While DataChannel instances handle transient data flow, the system also supports persistent state management for operations that need to maintain information across multiple runs or for checkpointing. This is typically achieved by integrating with external storage systems (e.g., databases, object storage) within the Operation's execute method, often facilitated by the ExecutionContext.

Monitoring and Observability

The ExecutionEngine emits events throughout the lifecycle of a graph and its operations (e.g., OperationStarted, OperationCompleted, OperationFailed). Developers can subscribe to these events to integrate with monitoring systems, log progress, or trigger alerts. The ExecutionContext often includes a logging interface that operations should use for consistent output.

Common Use Cases

  • ETL Pipelines: Extracting data from sources, transforming it, and loading it into data warehouses or analytical systems. Each step (extract, clean, transform, load) can be a distinct Operation.
  • Machine Learning Workflows: Orchestrating data preprocessing, model training, evaluation, and deployment steps. This ensures reproducibility and proper sequencing of ML tasks.
  • Complex Business Process Automation: Automating multi-step business processes where each step depends on the successful completion and output of previous steps.
  • Data Validation and Quality Checks: Building pipelines that validate data against various rules, flagging or correcting inconsistencies as data flows through the system.

Integration Patterns

The Execution & Dataflow system is designed for flexible integration:

  • External Data Sources/Sinks: Operations commonly interact with databases, message queues, file systems, or cloud storage services (e.g., S3, Azure Blob Storage) to fetch or store data. The ExecutionContext can provide credentials or client instances for these services.
  • Microservices Orchestration: An Operation can encapsulate a call to an external microservice, with its inputs forming the request payload and its outputs parsing the service's response.
  • Containerized Environments: The entire ExecutionEngine and its operations can run within Docker containers or Kubernetes pods, enabling scalable and isolated execution environments. Each operation can potentially be a separate container image for complex scenarios.

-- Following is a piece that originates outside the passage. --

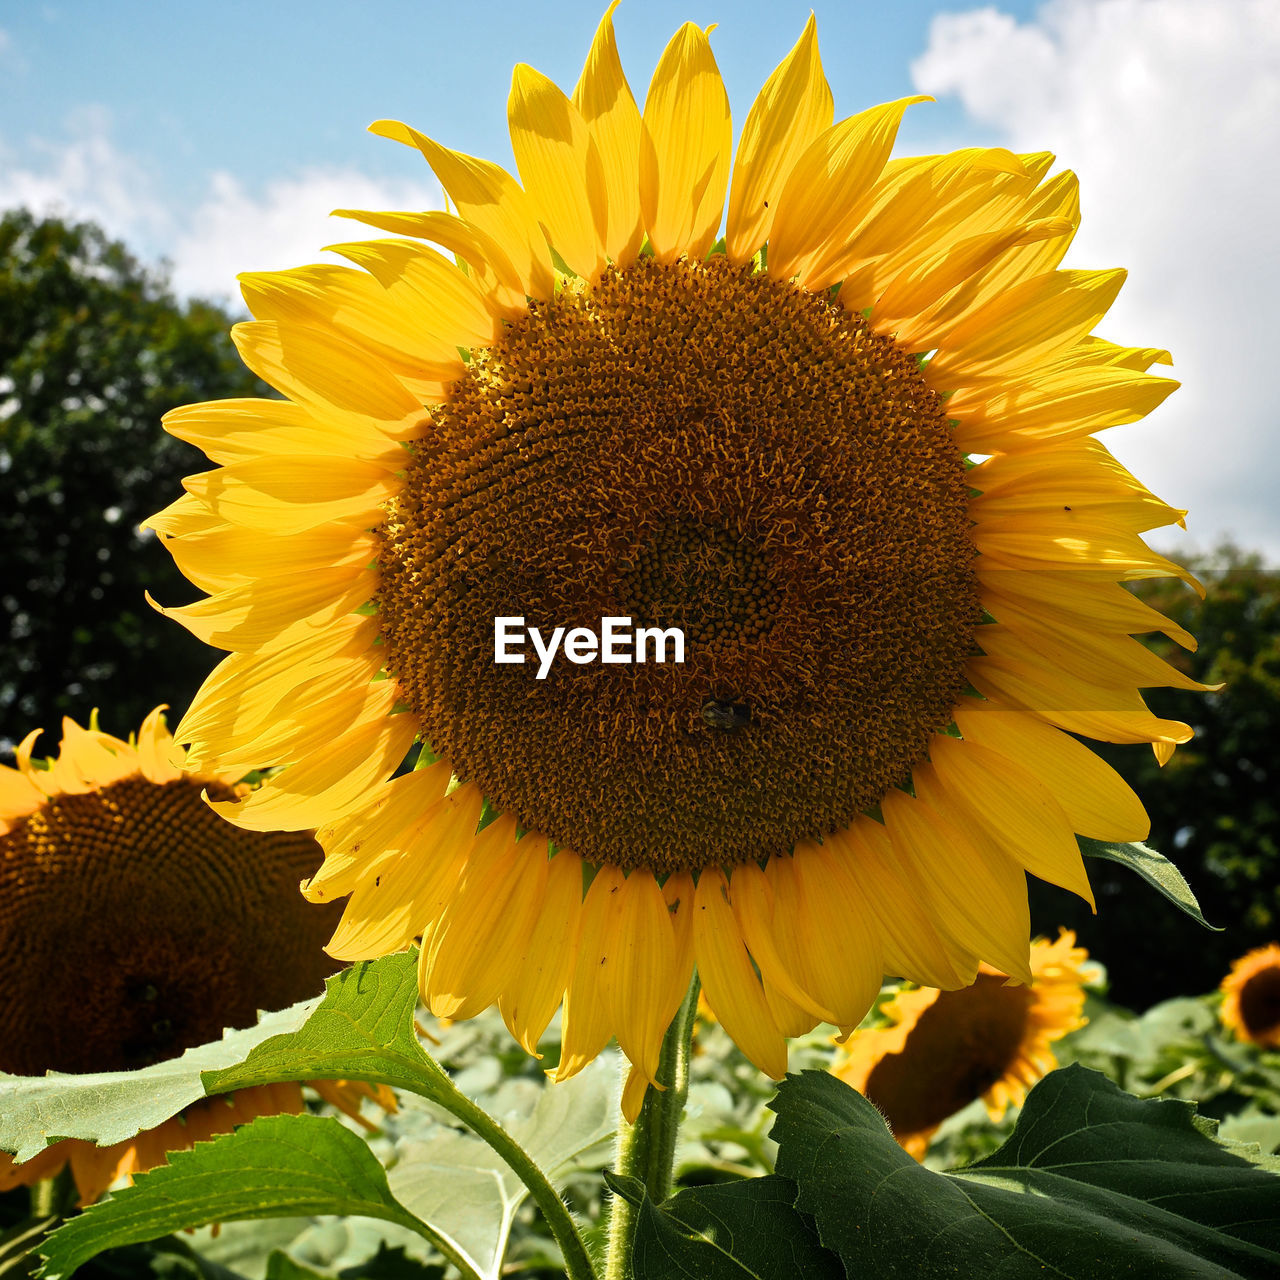 CLOSE-UP OF SUNFLOWER BLOOMING ON FIELD

Limitations and Considerations

  • Cyclic Dependencies: The system strictly enforces directed acyclic graphs (DAGs). Cyclic dependencies between operations are not supported and will result in a graph validation error during GraphDefinition construction or ExecutionEngine.run() invocation.
  • Data Volume: While optimized for data passing, extremely large data transfers between in-memory operations might consume significant memory. For petabyte-scale data, consider operations that write intermediate results to persistent storage and pass only references (e.g., file paths, object IDs) through DataChannel instances.
  • Distributed Execution: The default ExecutionEngine runs on a single machine. For truly distributed execution across multiple nodes, custom ExecutionEngine implementations or integration with distributed task queues (e.g., Celery, Apache Airflow) would be necessary, where Operation instances become tasks submitted to the distributed system.

Best Practices

  • Granular Operations: Design operations to be small, focused, and single-responsibility. This improves reusability, testability, and makes graphs easier to understand and debug.
  • Idempotency: Strive to make operations idempotent where possible. This simplifies retry logic and recovery from failures.
  • Clear Port Definitions: Explicitly define input and output ports with clear names and expected data types. This acts as a contract between operations.
  • Leverage Execution Context: Use the ExecutionContext for configuration, logging, and shared resources rather than hardcoding values within operations. This makes workflows more flexible and easier to manage.
  • Error Handling within Operations: Implement robust error handling within the execute method of each Operation to catch expected issues and provide meaningful error messages.
  • Monitoring and Logging: Integrate with monitoring tools and ensure operations log relevant information to track progress and diagnose issues effectively.